> EXTRACTED ENTRIES:
──────────
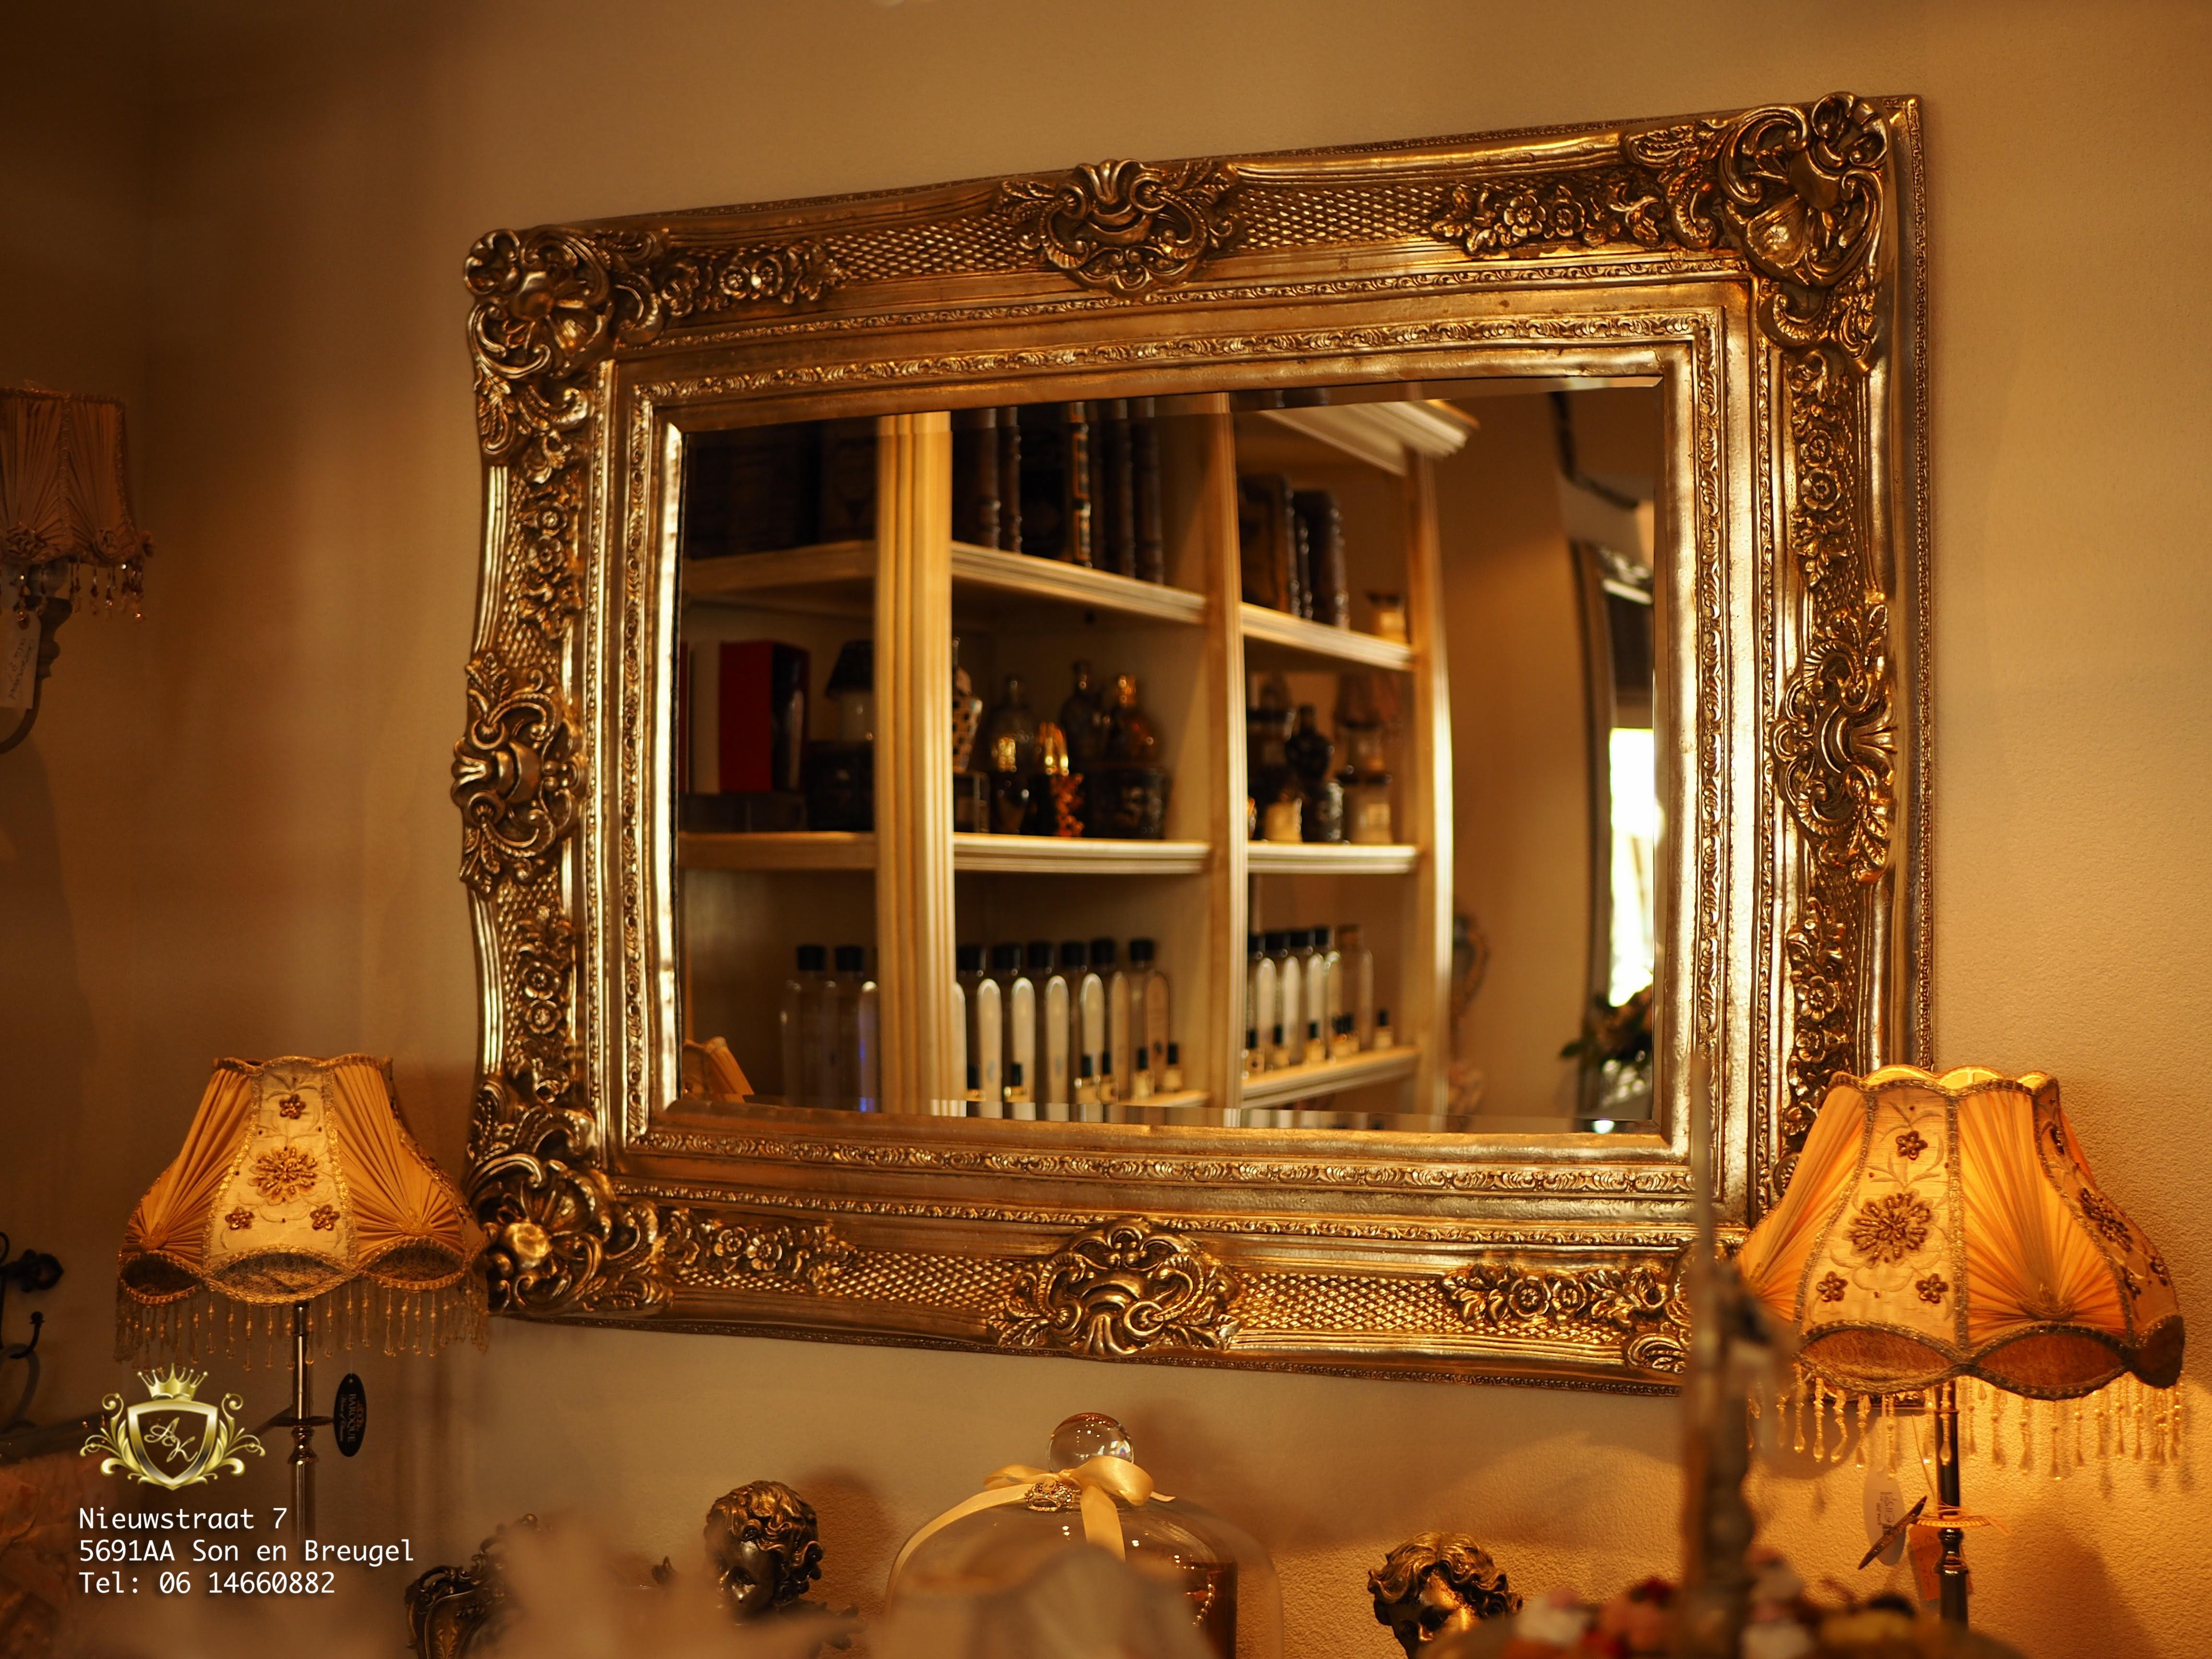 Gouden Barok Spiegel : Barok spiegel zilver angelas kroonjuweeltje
──────────
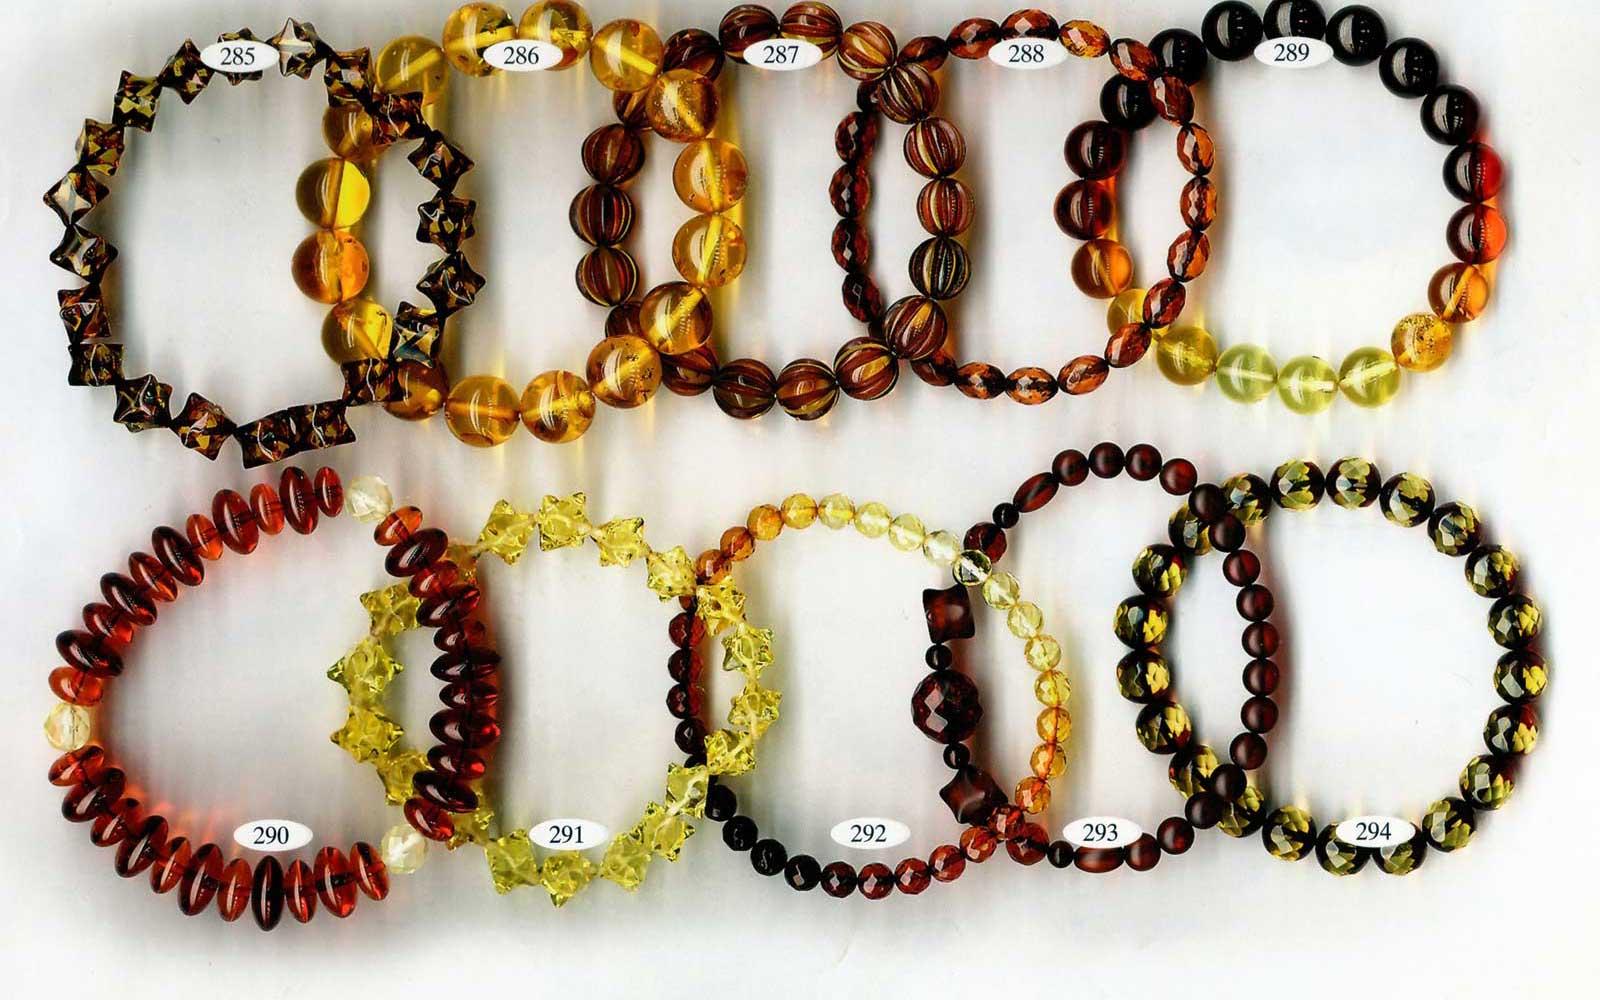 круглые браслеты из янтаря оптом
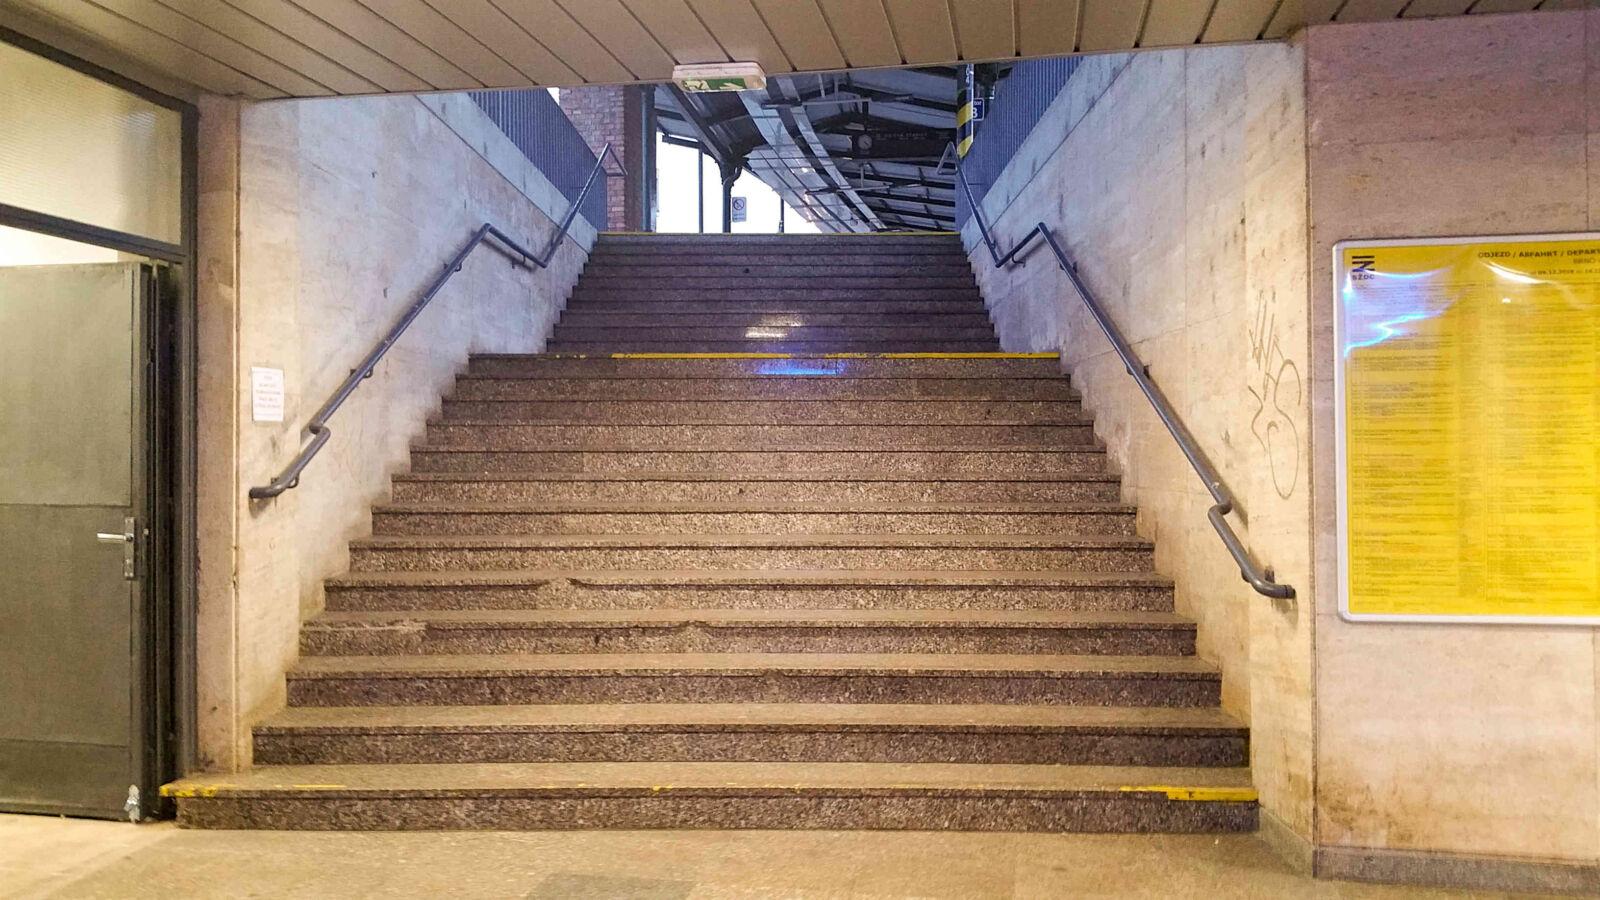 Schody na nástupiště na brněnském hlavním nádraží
──────────
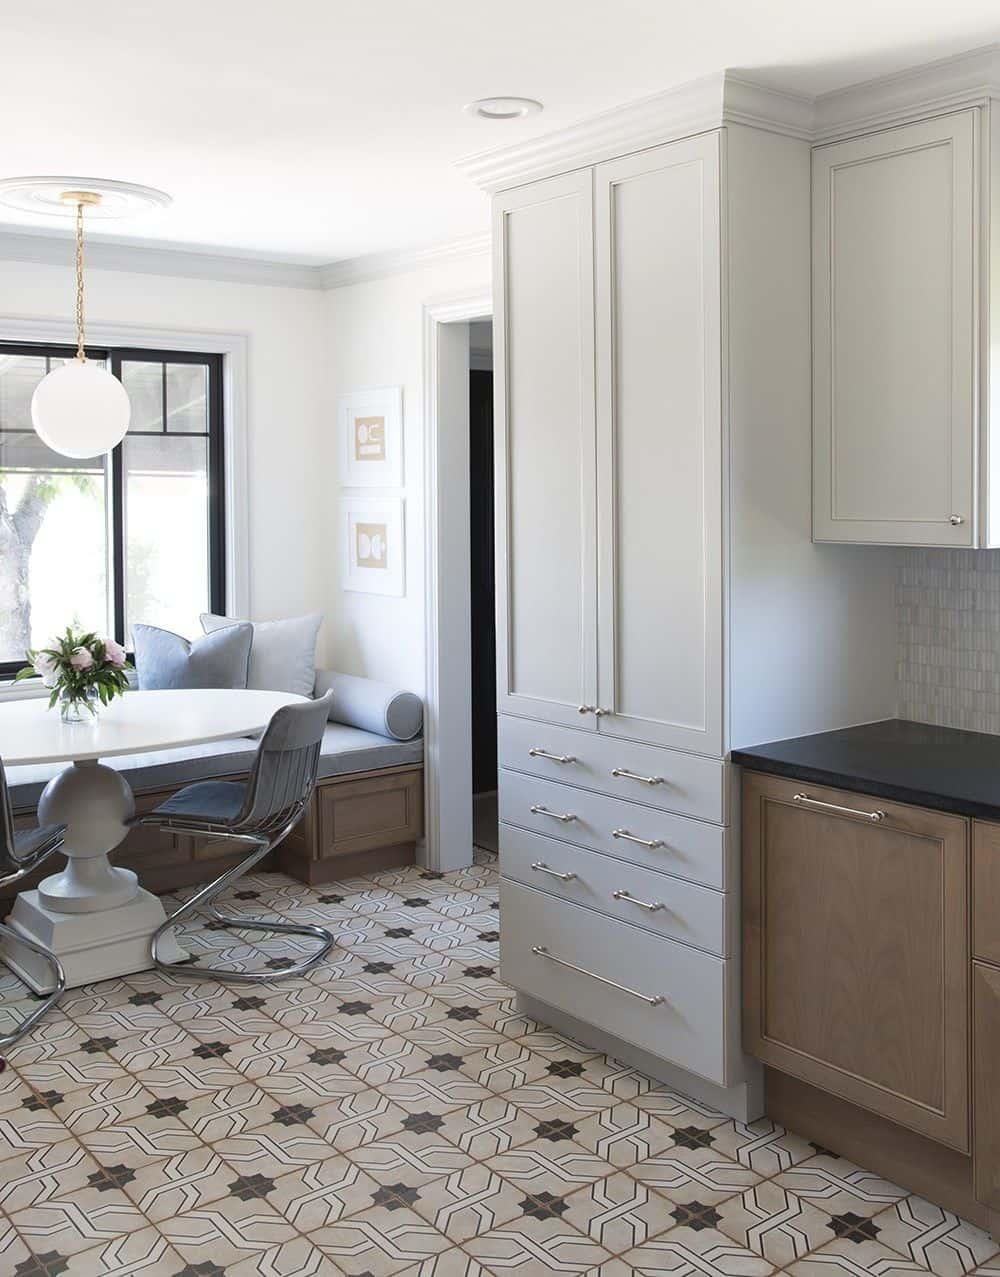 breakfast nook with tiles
──────────
> REQUIRED WORK: All that is wanted is the lines above between the one containing "круглые браслеты из янтаря оптом" and the one containing "Schody na nástupiště", inclusive, restated word for word, with pictures omitted.

> SOLUTION:
 круглые браслеты из янтаря оптом
 Schody na nástupiště na brněnském hlavním nádraží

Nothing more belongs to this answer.